Warren Frost represents the Quay County Gaming Authority, a group promoting a race track for the area for more than a decade. Frost’s group applied for a racino license in 2008, but lost out to Raton, although that project folded from lack of finances. The QCGA has since combined with the Tucumcari/Quay County Economic Development Corporation, also representing San Jon and Logan.

“(B)asically the last eight years, we’ve been hoping that the Racing Commission would make a determination to open this up again,” Frost said last week. “Now that they’ve done that we’re excited and ready to go.”

Quay County’s vision is for a racetrack and casino on a location by Interstate 40 and Route 66.

“The only place (another New Mexico) track makes sense is along the Texas border,” Frost said. “So we’re certainly optimistic. We think the only competition we’re going to have is Clovis.”

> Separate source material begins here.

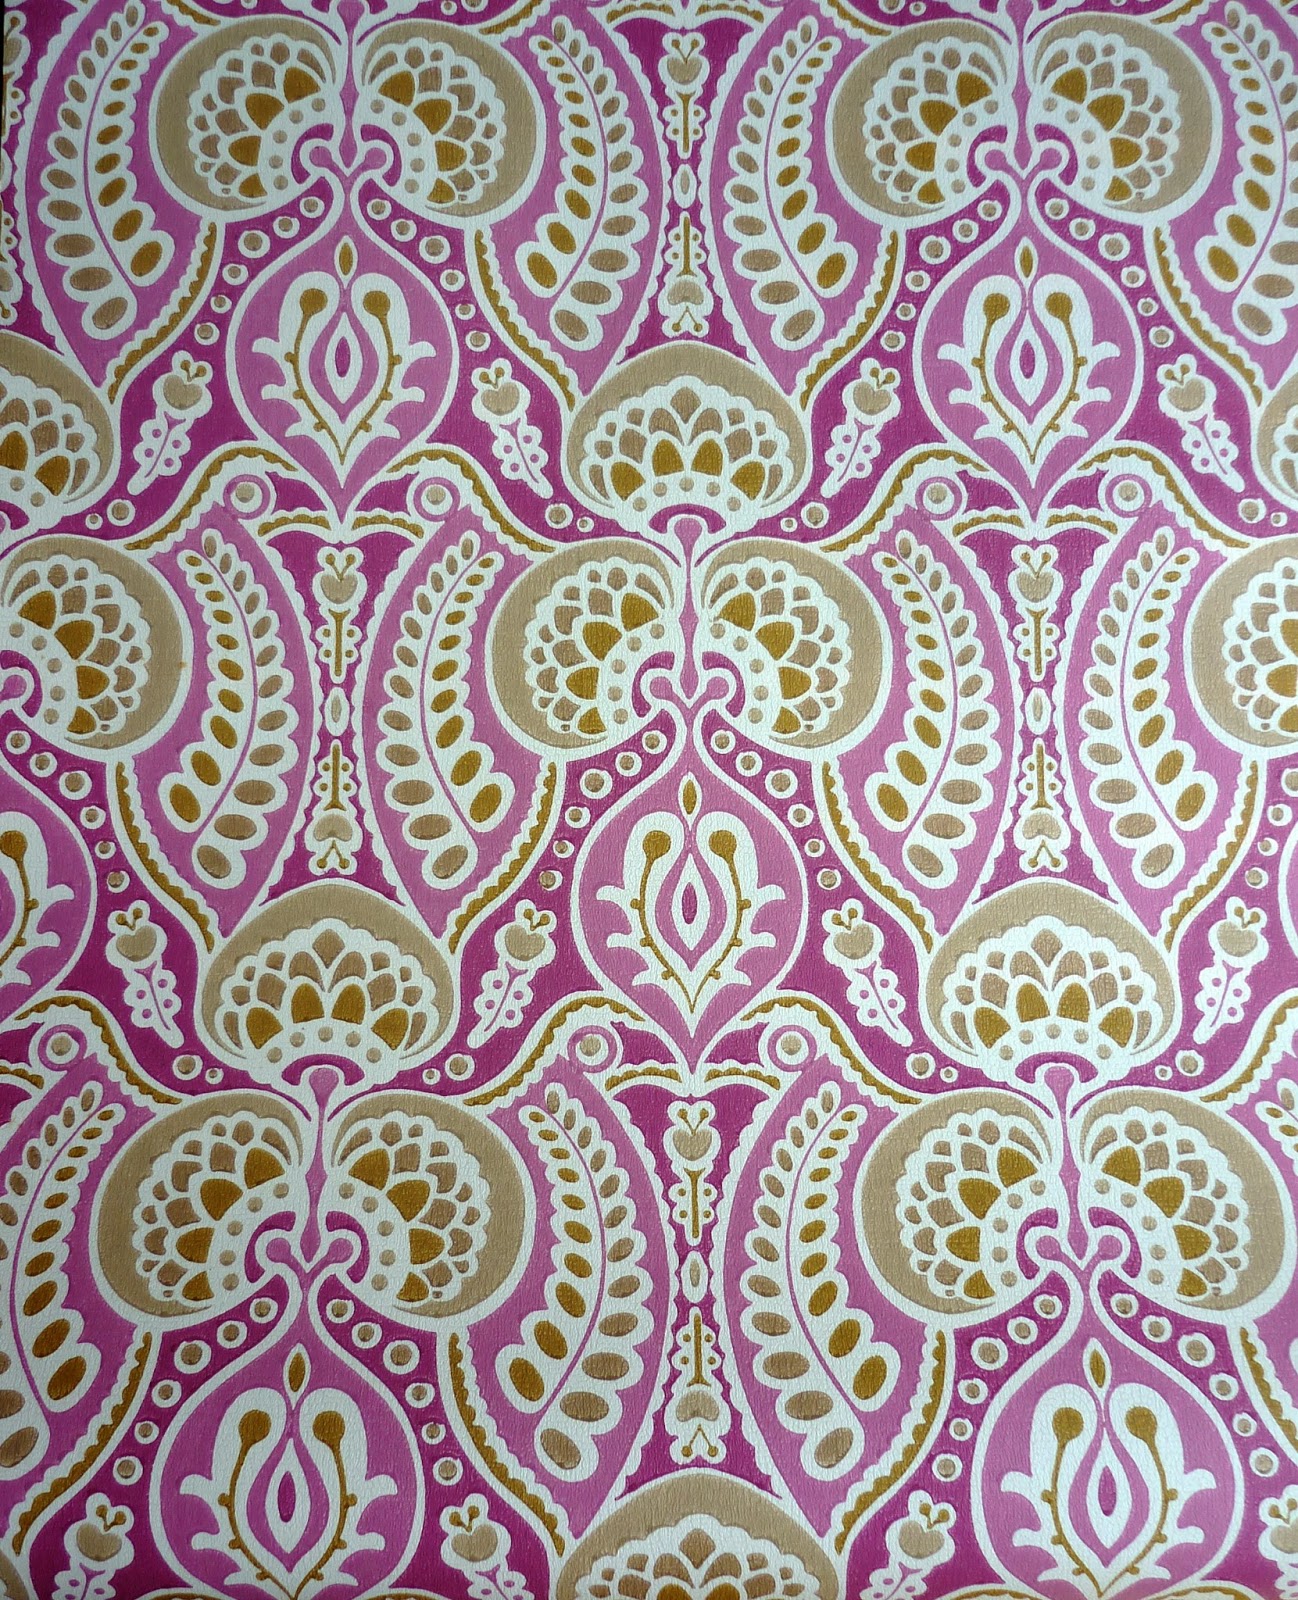 44+] Indian Inspired Wallpaper - WallpaperSafari

Both Sayre and Frost said they were confident of the financing for their projects, a concern stressed by Trejo after the collapse of the Raton project from lack of funds.

Whatever entity is awarded, the ensuing racetrack would be subject to an annual review and required to conduct at least 17 days of racing annually.

Frost said the new license is “going to be a great economic boon for the state regardless of where it goes,” and estimated that “over the last 10 years the state has been losing at least $10 million a year in revenue sharing,” from the lack of a sixth active racino license.

Even so, he emphasized its particular advantage for a smaller community.

“Tucumcari really needs some kind of economic development,” he said.

Sayre declined to name any of the stakeholders in the Clovis land being considered by LDC or to describe its specific location. But state Rep. Randal Crowder said he has a stake of less than 50 percent in a property at Seventh and Norris streets, which LDC had previously confirmed was a potential site for a racino.

Crowder acknowledged he might get a percentage of revenue generated from the land, but said he had no interest in seeing it turned into a racetrack.

“I’d be real sad (if that happened.) I don’t believe that there’s a net benefit to a community from that,” Crowder said. “I believe that the negatives that come along with gambling and racetracks outweigh the good.”